TRÊS CORAÇÕES
Viajávamos nos feriados da semana santa, uma ponte me chamou a atenção. Paramos logo imediato, e por sorte tinha lá uns pescadores de mãos trêmulas com peixes a menos e algumas cachaças a mais.
Um deles, o mais extrovertido, talvez até pra aliviar a dor da gota no pé direito, nos deu mais atenção.
Sem rodeios eu quis logo saber:
Porque esse nome de rio tão peculiar?
E ele com a simpatia e quietude dos bons mineiros, me contava, que lá pelos últimos anos da escravidão uma historia de amor aconteceu bem ali onde estávamos.
Um fazendeiro abolicionista tinha uma anomalia curiosa. Ele tinha três corações. Casado com uma dama da corte portuguesa, dona do seu primeiro coração, lhe dera cinco filhos saudáveis e companheiros que ele tinha que deixar vez ou outra, para se empreitar na labuta da extração do ouro, forçando-o a se embrenhar nas matas.
Dessas viagens, dessa convivência rotineira, conheceu e se apaixonou pela esposa do seu falecido capataz. Ela se tornou então a dona do seu segundo coração. Não tiveram filhos.
Ela já os tinha com o falecido. A vida rolou por quilos e quilos de ouro, por chuvas e chuvas. Por estações de seca.
A juventude e doçura da filha mais velha do capataz, moça de gestos delicados, olhos alegres, lábios brilhantes, enfeitando as sardas do seu rosto caipira, era uma luz na alma daquele velho fazendeiro.
A paixão veio mais forte. Ela se apoderou então do seu terceiro coração. Era um único homem com três corações apaixonados.
A sisudez e o respeito da época exigia silêncio.
Aquele sentimento que ela lhe devotava, e o conseqüente fogo daquela paixão, lhe tirava a alegria de viver.

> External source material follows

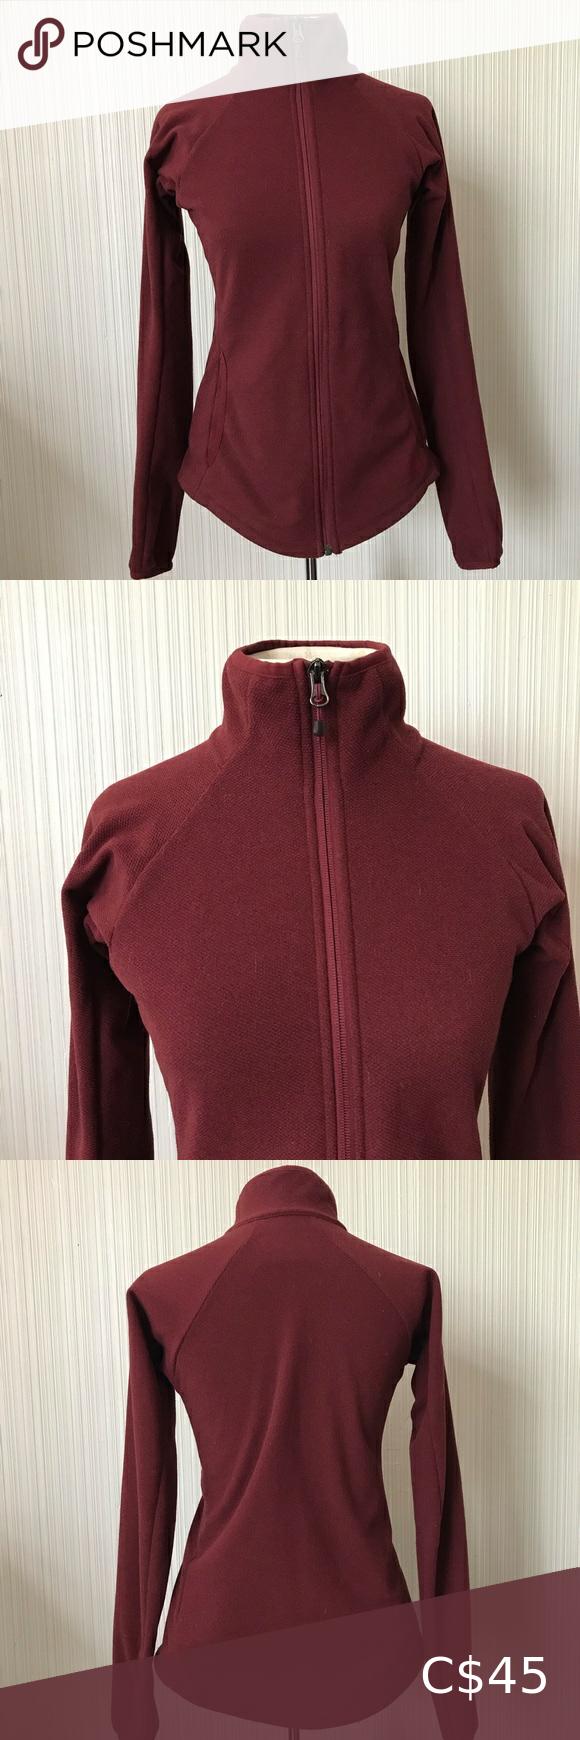 MEC Lightweight Polartec Fleece Jacket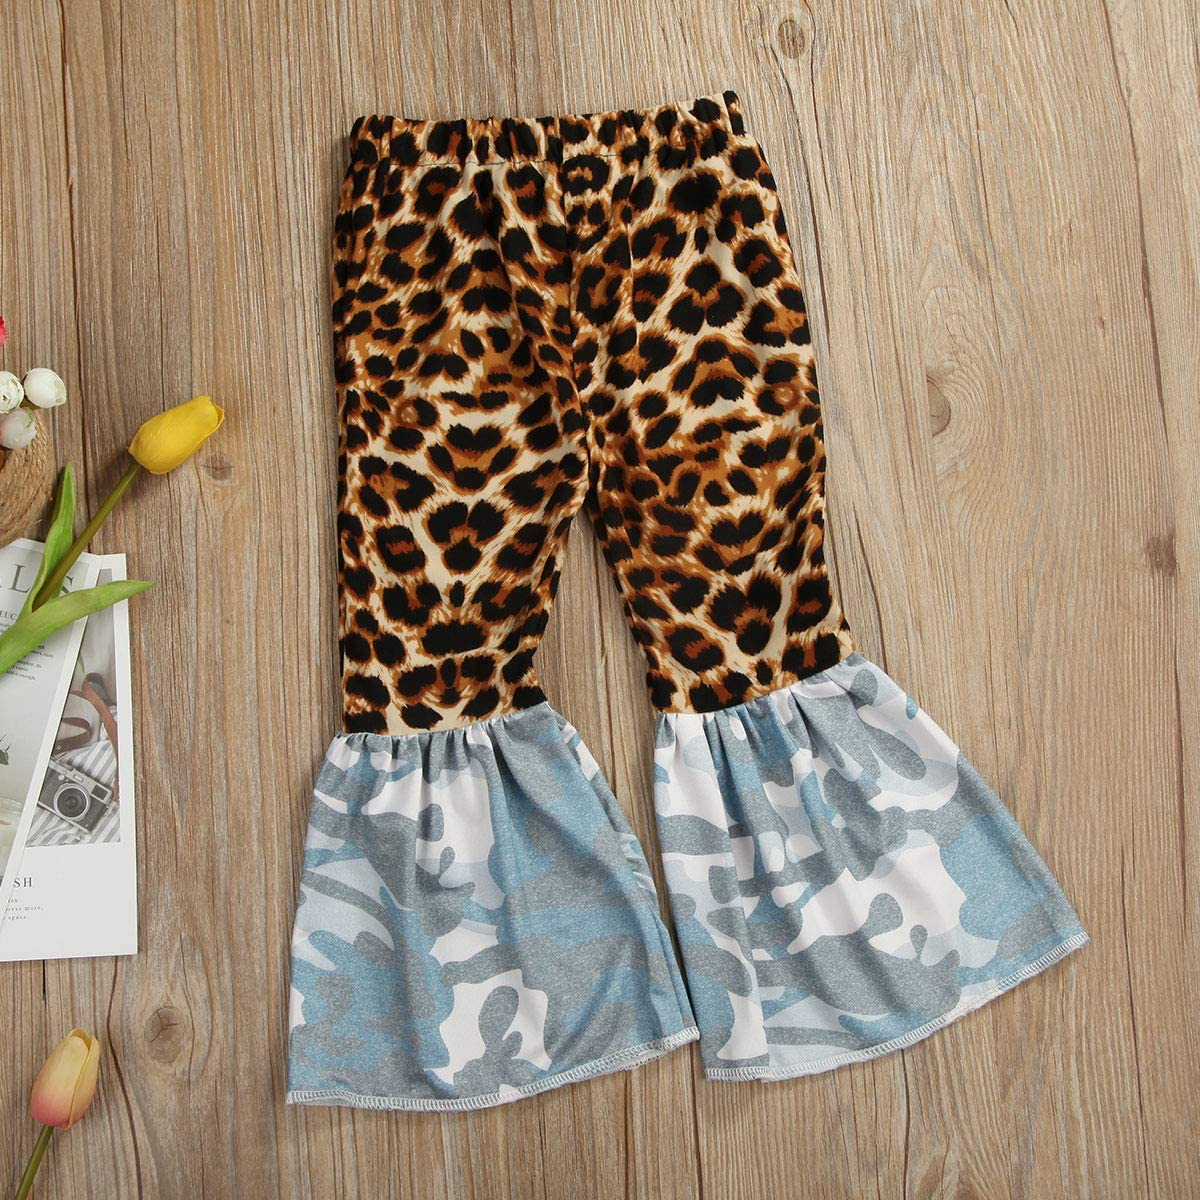 TSEXIEFOOFU Baby Girls Leopard Print Bell Bottoms Flare Pants Denim Jeans Ruffle Leggings

Era uma mistura de desejo e medo que ele não conseguia coordenar.
Ela por sua vez, surpresa com o seu envolvimento espontâneo que surgira no nada, também em silencio, sentia um amargor na garganta.
Um sufoco no peito. Um desejo de falar.
Aqueles olhos brilhantes, ora se confundia com os reflexos da luz, ora com os reflexos das lagrimas.
Ela carregava na alma uma dor e um medo, que lhe tirava o sono.
Queria aquele velho ombro para chorar.
Queria aquele peito cansado para recostar a cabeça e desabafar seus segredos.
Nenhum ousava confessar.
O fazendeiro sem reação e esperança, voltava para casa.
Nas algibeiras riquezas. Na comitiva tesouros.
No peito um vazio da ausência dos seus três amores.
Dizia o pescador, que ao chegar a barranca do rio, dispensou seus fieis escravos que lhe acompanhava. Lhes deu ali, alforria e liberdade para viverem livres.
Caminhou alguns passos, dobrou-se à realidade e assumiu ser um escravo branco. Deixou-se ser engolido pelas correntezas daquele Rio das Mortes. Morria ali com ele, os três corações.
Anos depois nascia mais abaixo a cidade de Três Corações.
Morreu o fazendeiro. Morreu o escravo do amor. Nasceu a história.